И мы стали читать «Книгу песен» Гейне, эту книгу я везла с собой. Наши занятия продолжались и в Ессентуках, куда мы приехали после теплушечного эшелонного месяца. Преподавание немецкого языка, да еще и толкование немецких стихов всегда доставляло мне удовольствие, а тут оно еще и отвлекало меня от горестных воспоминаний. Иля тоже полюбила наши занятия. «Книгу песен» я дала ей для подготовки к урокам, и это, как ни странно, определило потом не только ее судьбу, но и судьбу всей семьи.
Восьмого августа 1942 года кончилось не только чтение стихов Гейне, но и мое житье в Ессентуках. Утром этого дня студентки и преподавательницы института стояли в длинной очереди за пудрой «Нега Востока», а вечером всех нас вызвали к директору, который объявил нам, что фронт прорван, немцы в Минеральных Водах, транспорта никакого нет. Кто хочет, может идти пешком по дороге к Нальчику.
Когда все — достаточно потрясенные — стали расходиться, Иван Алексеевич попросил меня остаться. Он сказал мне: «Мне жаль Вас, не ходите, пешком нельзя уйти от танков. Ну, придут немцы, для вас будет гетто, унижение, позор, но нам ли, пережившим тридцать седьмой год, бояться унижения и позора?».
Кошкин говорил «со свирепой жалостью», как сказано где-то у Тургенева, со страстной убежденностью и силой, а я была поражена тем, что такое может сказать член правящей партии, директор ленинградского вуза.
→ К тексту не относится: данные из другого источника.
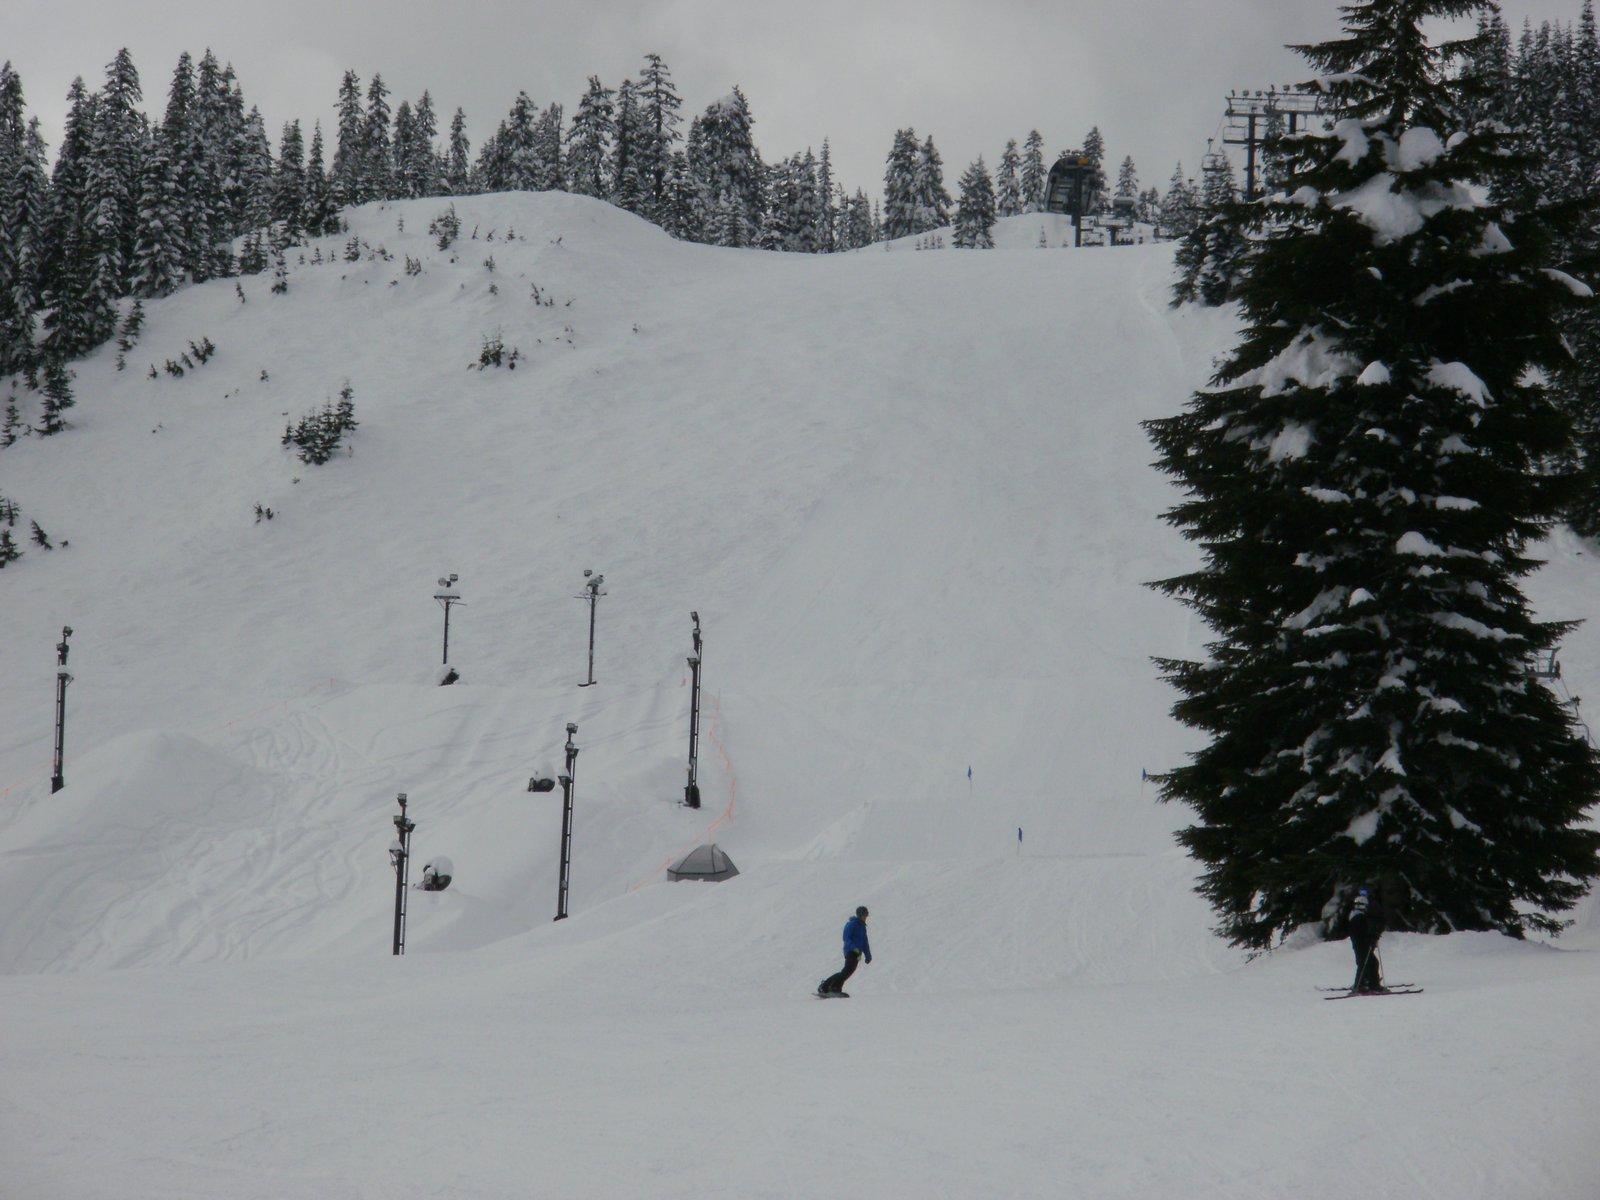 The summit half pipe
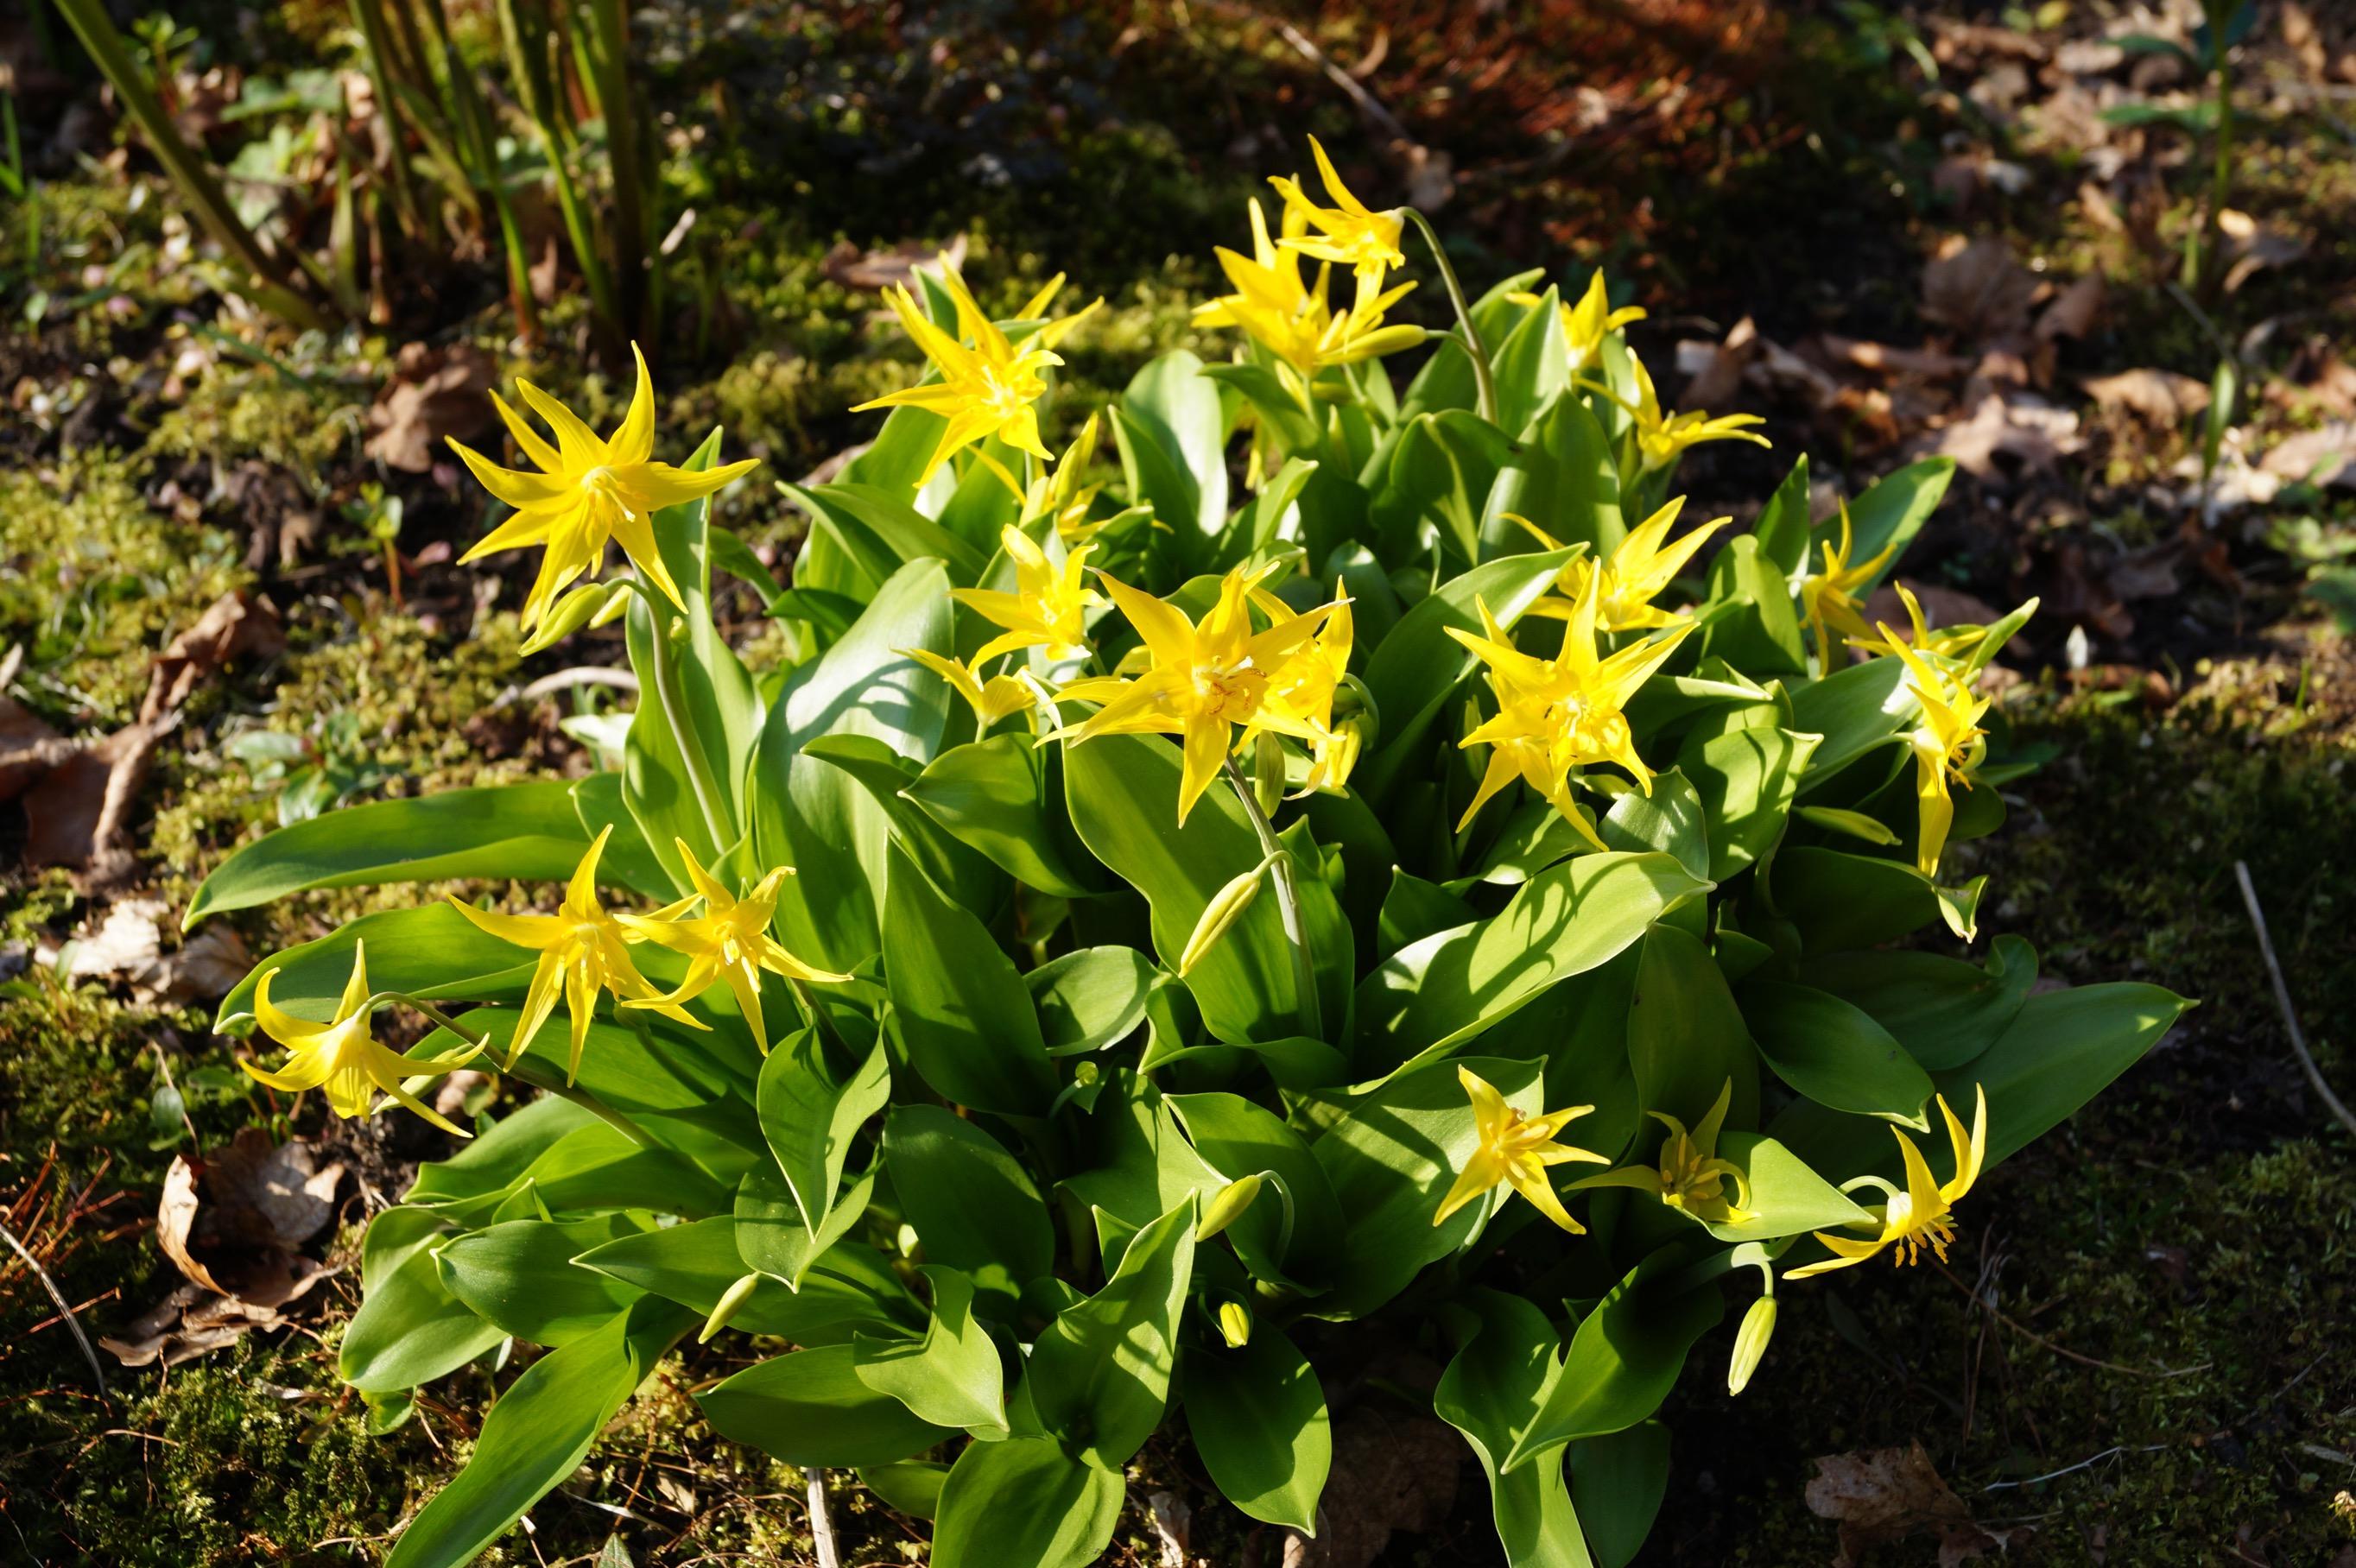 erythronium_eba_clone_2_morlas_plants

Он убеждал меня, но для меня — в первый и последний раз в жизни — не было ни минуты колебания и нерешительности, я сказала, что не могу и не хочу увидеть немцев, и мне надо уйти от них, пешком — так пешком.
И я ушла. Так я спасла свою жизнь, ведь никакого гетто не было, всех евреев вскоре расстреляли в ближнем овраге.
О Кошкиных я потом узнала от человека, после освобождения Кавказа приехавшего в Ташкент, где я жила. Он рассказал как Иля Кошкина познакомилась с немецким лейтенантом, молодым человеком из аристократической семьи, знатоком и любителем литературы. Иля дала ему почитать «Книгу песен». Можно себе представить — какое впечатление это произвело на молодого лейтенанта, ведь упоминание о Гейне было запрещено, память о нем вытравлена, и двадцатилетний знаток немецкой поэзии впервые услышал имя Гейне. Вместе с Илей они стали читать «Книгу песен», а к чему приводит совместное чтение — известно из Данте.
За возникшим романом наблюдали с интересом и осуждением ленинградские знакомые Кошкиных, скомпрометирована была не только Иля, но и ее семья. Все они ушли вместе с немцами при вступлении советских войск. Больше я ничего о них не слышала.

Обстрел

Предпоследний снаряд обстрела упал в Летний сад, близко от Фонтанки. А последний угодил в наш дом на Рыночной улице, в стену под окном моей комнаты. Дом наш был построен в восемнадцатом веке («еще до основания Петербурга», как говорил наш управхоз), и стены дома были толстые, как в крепости. Снаряд не смог пробить стену. Но он смог выбить окна, рамы, а от взрывной волны вылетели все двери в квартире. На полу было много осколков. В первую минуту в комнате стало темно, пыль, отвалившаяся штукатурка и прочее. Вообще, прямо скажем, неуютно.
В ту минуту, когда разорвался снаряд, я стояла на коленях и подбирала что-то с пола, осколок пролетел над моей шеей, я помню до сих пор ощущение дуновения, потом он попал в зеркало шкафа.
В квартире было пять человек, все уцелели.
Через некоторое время я услышала взволнованные голоса под тем, что было недавно окном человеческого жилья. Я выглянула в проем и увидела двух своих учеников из школы разведчиков.
Увидя меня они замахали руками, как машут, наверно, на привидение, и закричали: «Вы живы?» — «Да», — сказала я. «Все живы?» — «Все», — сказала я.
«Послушайте, — сказал один из моих учеников, ведь одной десятой, даже одной сотой было бы достаточно, чтобы всех убить!».
Нет, убивать людей не так уж просто, недаром пришлось изобретать атомные и водородные бомбы.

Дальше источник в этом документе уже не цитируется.